JALANKAN PROTOKOL KESEHATAN 'CEGAH PENYEBARAN COVID-19'
https://www.benangmerahnews.com/p/blog-page_36.html
COVID-19 DI DUNIA Klik!
https://www.benangmerahnews.com/p/blog-page_53.html
COVID-19 DI INDONESIA Klik!
https://www.benangmerahnews.com/p/blog-page_25.html
COVID-19 DI KOTA PADANG Klik!

Wednesday, October 14, 2020

Polisi Tangkap Dua Pelaku Peretasan Website KPU Jember



Surabaya(JATIM).BM- Subdit V Siber Direktorat Reserse Kriminal Khusus Kepolisian Daerah Jawa Timur berhasil meringkus dua pemuda berinisial DA (23) dan ZFR (14) atas tuduhan peretasan terhadap website resmi KPU Kabupaten Jember, https://kab-jember.kpu.go.id.   Kabid Humas Polda Jatim Kombes Pol. Trunoyudo Wisnu Andiko menerangkan bahwa dua orang tersangka ditangkap di dua lokasi yang berbeda. DA ditangkap di Sumatera Selatan, sedangkan ZFR ditangkap di Serang, Banten.

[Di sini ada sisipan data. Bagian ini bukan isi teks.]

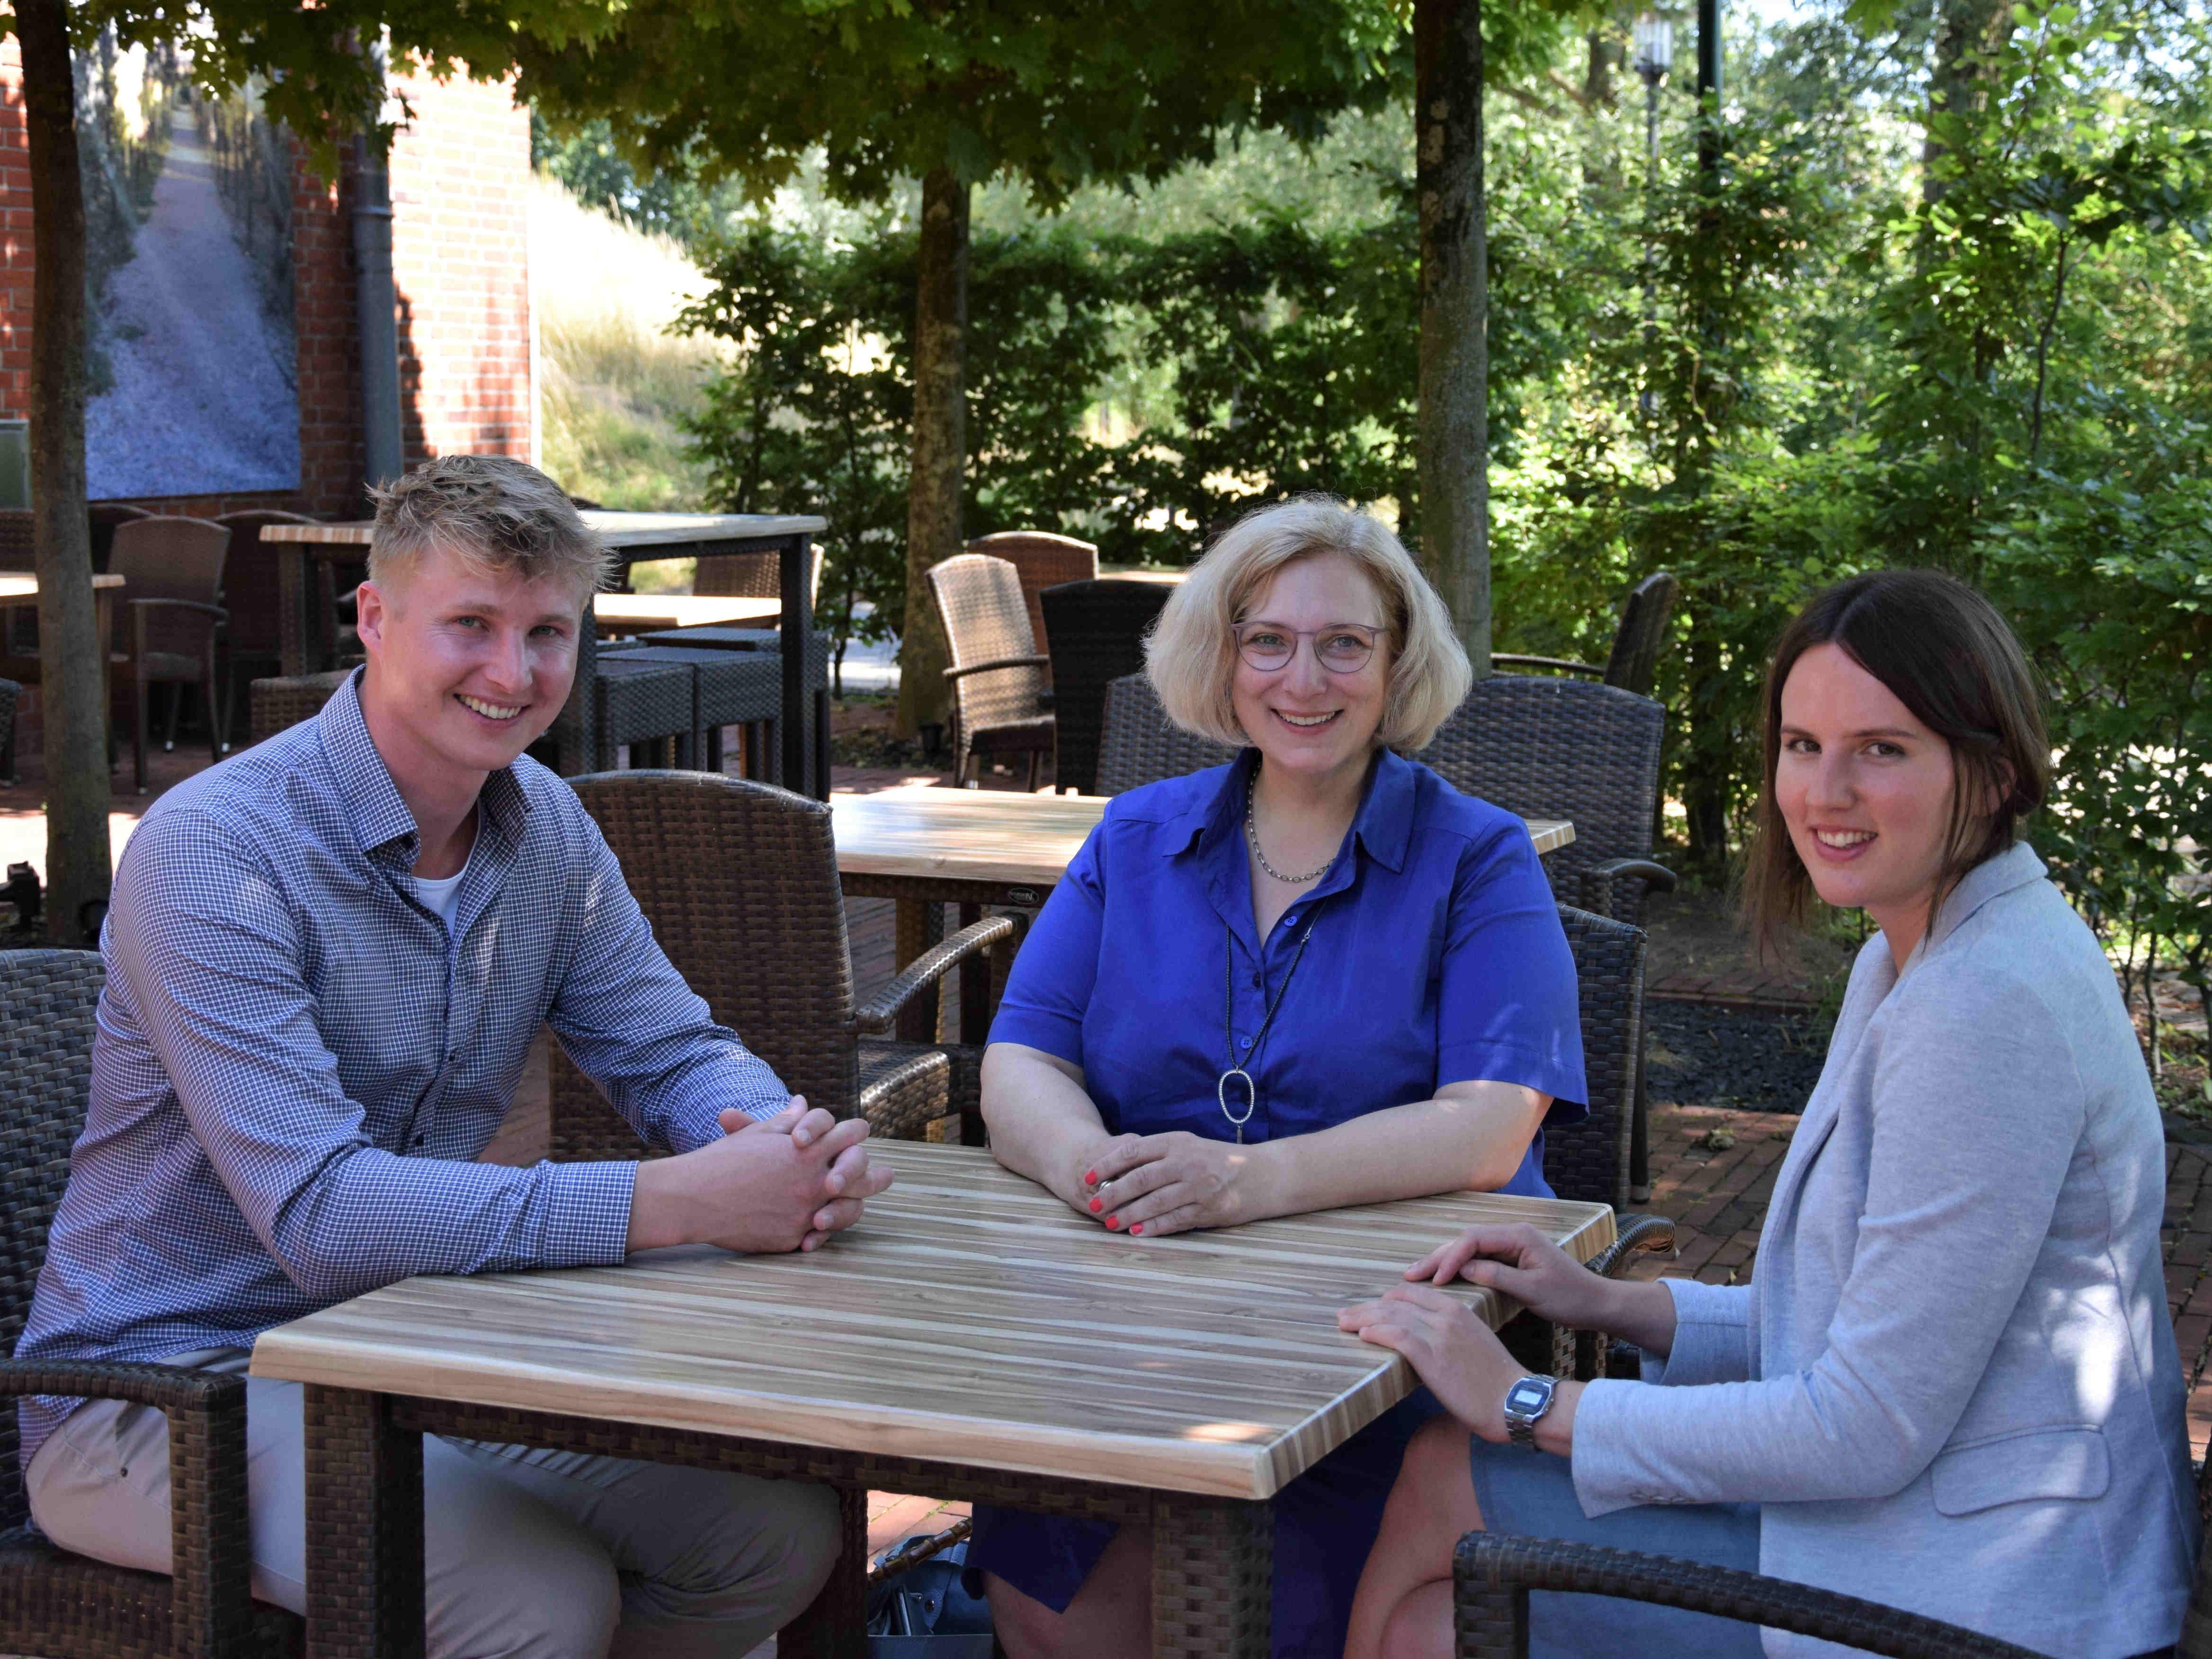 Manuel-Maurice Evers, Dr. Daniela De Ridder und Linda Röhl

Kombes Pol. Trunoyudo Wisnu Andiko menjelaskan kedua pelaku setelah menjebol sistem keamanan website resmi, tersangka mengunggah gambar tak senonoh di website KPU Jember.

“Dua pelaku ini diamankan beserta alat bukti terkait peretasan situs KPU Kabupaten Jember," terang Kabid Humas Polda Jatim, Selasa (13/10/20).

Baca Juga


Sementara itu Direskrimsus Polda Jatim, Kombes Pol Gidion Arif Setyawan menambahkan, pihaknya menangkap dua orang, tetapi satu orang dilakukan penahanan. "Satunya tidak dilakukan penahanan, dikembalikan kepada orangtuanya karena masih di bawah umur.,” ujarnya.," terang Kombes Pol. Gidion. Arif Setyawan.
Kombes Pold. Gidon Arid Setyawan mengungkapkan bahwa kedua tersangka mengaku motif meretas laman KPU Jember bukan karena politik, namun hanya untuk eksistensi belaka. Bahkan, pelaku kerap menjual laman yang diretasnya seharga Rp 20 ribu.   ”Motifnya ekonomi, satu akun dijual Rp 20 ribu. Yang paling penting tidak ada motif politik dalam Pilkada Jember, ini murni tindak pidana,” tutur Direskrimsus Polda Jatim.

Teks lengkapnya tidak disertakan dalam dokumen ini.